我和父亲都不再说话,母亲一个人絮絮叨叨说了一会儿之后也慢慢停了下来,只有小米稀溜溜吃面条的声音。一时间,餐桌上的气氛变得有点微妙。
父亲一会儿看小米一会儿看着菜,或者干脆埋头吃饭,不敢和我对视。记忆里,初中时候父亲去找几个欺负过我的小混混理论,却被几个毛头小子整的摔了一跤,那天晚上他也是这样躲躲闪闪不敢面对我。我放下碗筷,表情不自觉变得严肃了起来。
“爸,你有事瞒着我们。”
“没,没啥……再过几年就退休了我还能有啥事儿……”
母亲奇怪地看了看我,又转头看着父亲,忍不住搭话道:“老朱,要是学校那边出了啥事你就跟我们说吧,一家人有啥不能说的!要是遇上啥麻烦了,说不定咱姑娘还能帮你出出主意”。父亲慢慢把碗放在桌上,手肘撑在膝盖上连叹了几口气。沉默了几秒,父亲搓了搓手,为难地看着我。父亲一直以来都极好面子,在我面前又一直扮演着英雄的角色,我想着他也许是遇到了什么解决不了的事,却不愿意破坏自己在女儿的高大形象,才不好意思开口跟我说。可是父亲在我鼓励的目光中说出他的麻烦时,我好像听到了一声惊雷炸开在我耳边。

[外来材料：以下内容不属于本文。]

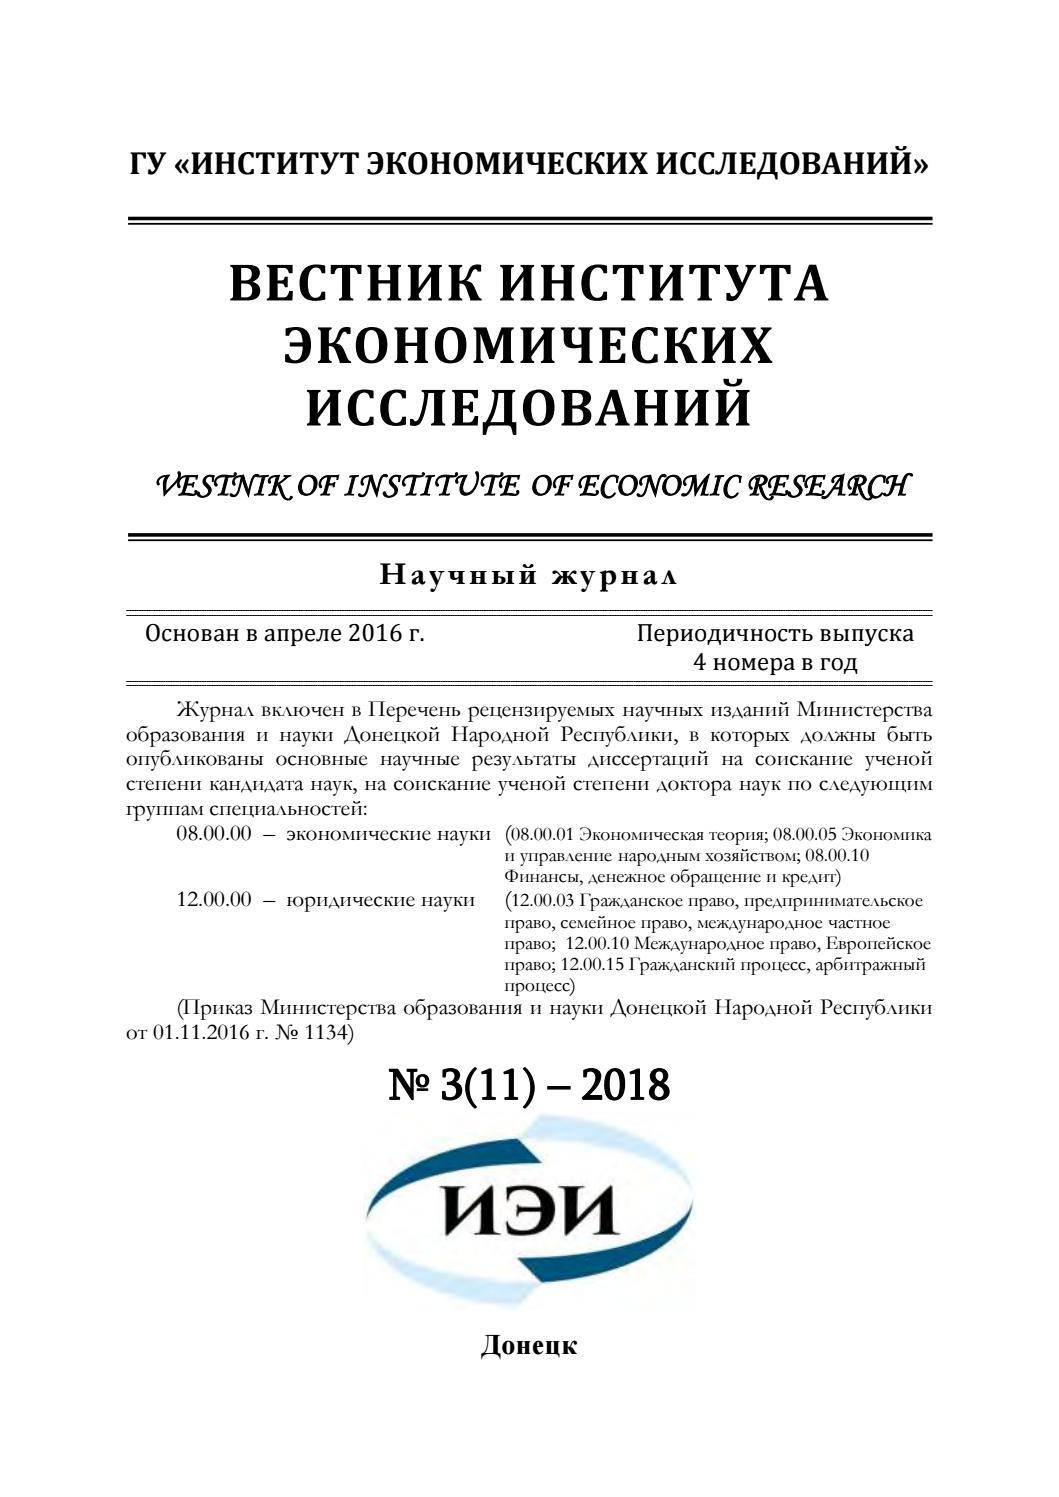 ed42f99882e 2018 № 3 (11) by Институт экономических исследований - issuu

“前些日子有个二十来岁的小姑娘,总是跑到我的课上来蹭课,还特别好学,下课了老是缠着我问我问题。这姑娘看着挺洋气,当时我想啊,现在难得遇到这么喜欢文学的年轻人,上下课的路上就和她多说了几句,谁知道几天前她突然拿着一堆照片和几张短信记录搞到校领导那儿,说我不仅性骚扰她,还想包养她!现在闹得整个学校都知道了……我…我这老脸往哪儿搁哟!”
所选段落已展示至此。